Auch Lamya Kaddor will die Organisation liberaler Muslime vorantreiben und hat deshalb 2010 den Liberal-Islamischen Bund (LIB) gegründet. Doch sie wendet sich gegen die Freiburger Deklaration. Kaddor wirft Ourghi vor, er schließe sich »marginalisierenden Diskursen der Mehrheitsgesellschaft unreflektiert« an und leiste »rassistischen und islamfeindlichen Diskursen in Deutschland Schützenhilfe«. Dabei bezieht sie sich offenbar auf einen Face­book-Post von Ourghi, der nach dem Amoklauf in München über eine islamistische Motivation des Täters spekulierte und die Tat mit nach Deutschland kommenden Flüchtlingen in Verbindung brachte. Später entschuldigte sich Ourghi »bei allen Flüchtlingen, die hier im Land leben«, und räumte einen Fehler ein. »Ich würde niemals mit Rassisten zusammenarbeiten und habe schon mehrere Anfragen der AfD vehement abgelehnt«, sagt er. Ihm gehe es um die Etablierung einer differenzierten, sachlichen und humanistischen Kritik am Islam. »Mit der Thematisierung von problematischen Einstellungen, die islamisch begründet werden, stellen wir uns nicht nur Relativierern entgegen, sondern auch denjenigen, die diese Einstellungen verallgemeinernd allen Muslimen zuschreiben. Und mit dieser Positionierung gegen Antisemitismus und Homophobie passen wir doch in keiner Weise mit Rechten zusammen«, betont Ourghi im Gespräch mit der Jungle World.

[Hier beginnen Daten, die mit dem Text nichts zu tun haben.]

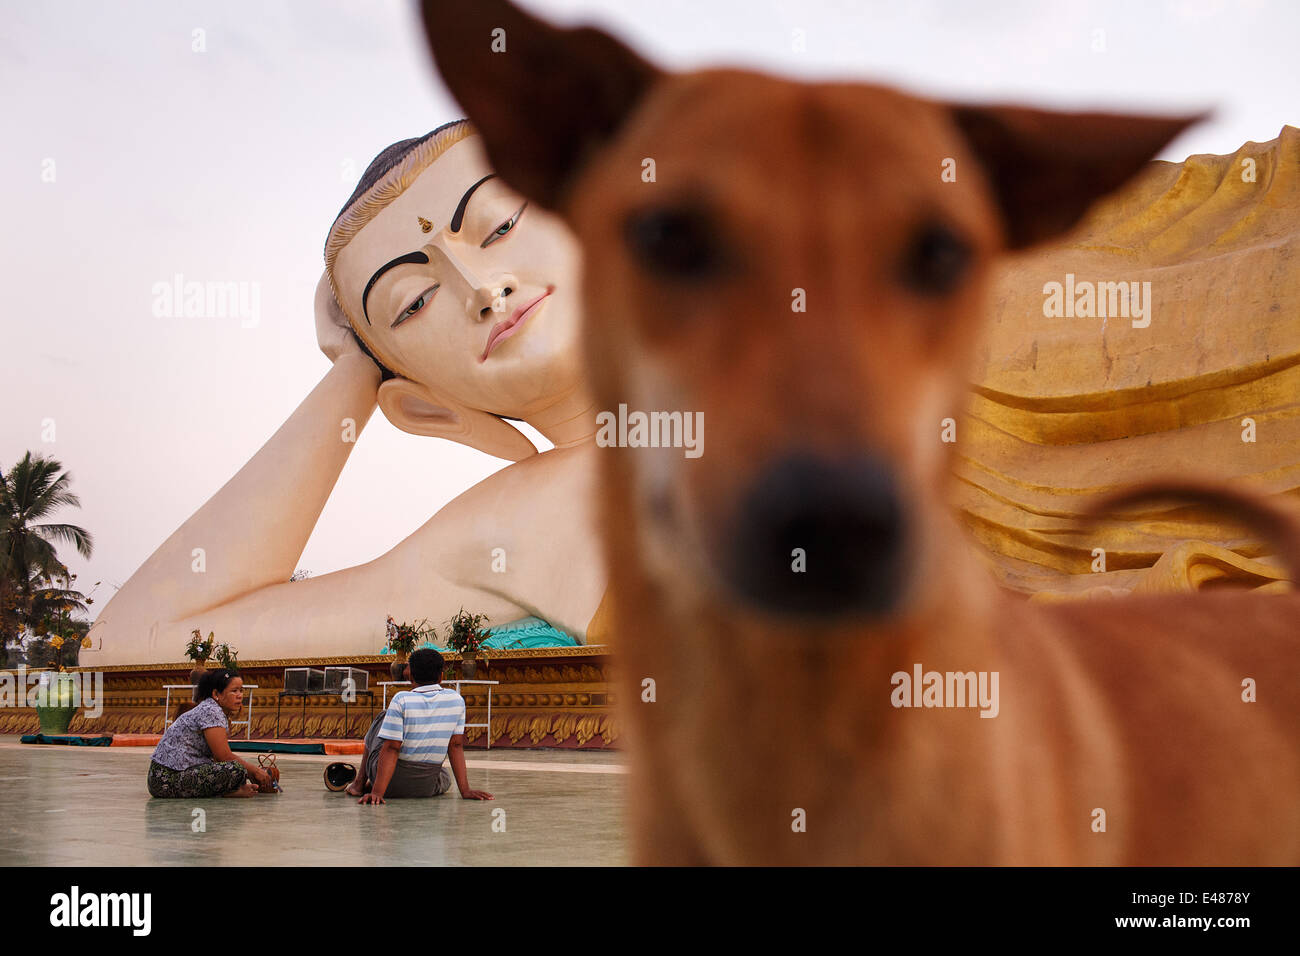 Un perro, la gente y la gran piscina Buda reclinado de Bago (Pegu), Myanmar (Birmania) Foto de stock

Der Deutsch-Algerier hatte zuletzt auch den Einfluss von Ditib auf den islamischen Religionsunterricht an Grundschulen in Hessen kritisiert. Die Behörde hat dort einen eigenen Lehrplan erstellt, der Ourghi zufolge eine Auseinandersetzung mit problematischen Stellen in islamischen Quellen ausklammert. Statt den konservativen Islamverbänden Gestaltungsmacht über den Unterricht zu verleihen, wünscht sich Ourghi, dass in Kooperation mit den Hochschulen ein humanistischer Islamunterricht erarbeitet wird. Um dem Staat auch andere Ansprechpartner anzubieten und den Einfluss konservativer Verbände zurückzudrängen, will er einen liberalislamischen Dachverband gründen. »Wir möchten als liberale Muslime endlich ernster genommen werden und einen humanistischen Islam mitgestalten«, so der Islamwissenschaftler. Dabei habe er keine Scheu vor Kritik und wolle auch mit ablehnenden Verbänden sprechen.

Dennoch scheint unklar, wie Ourghi die internen Zerwürfnisse mit anderen prominenten Stimmen des liberalen Islam klären möchte, um einen Dachverband aufzubauen, der alle säkularen und liberalen Muslime umfasst. Für eine tatsächliche Trennung von Staat und Religion wäre ohnehin die Abschaffung des bekenntnisorientierten Religionsunterrichts notwendig. Dieser Schritt wird in Luxemburg gegangen: An dortigen Gymnasien steht seit voriger Woche ein einheitlicher Werteunterricht auf dem Stundenplan, die Grundschulen sollen folgen.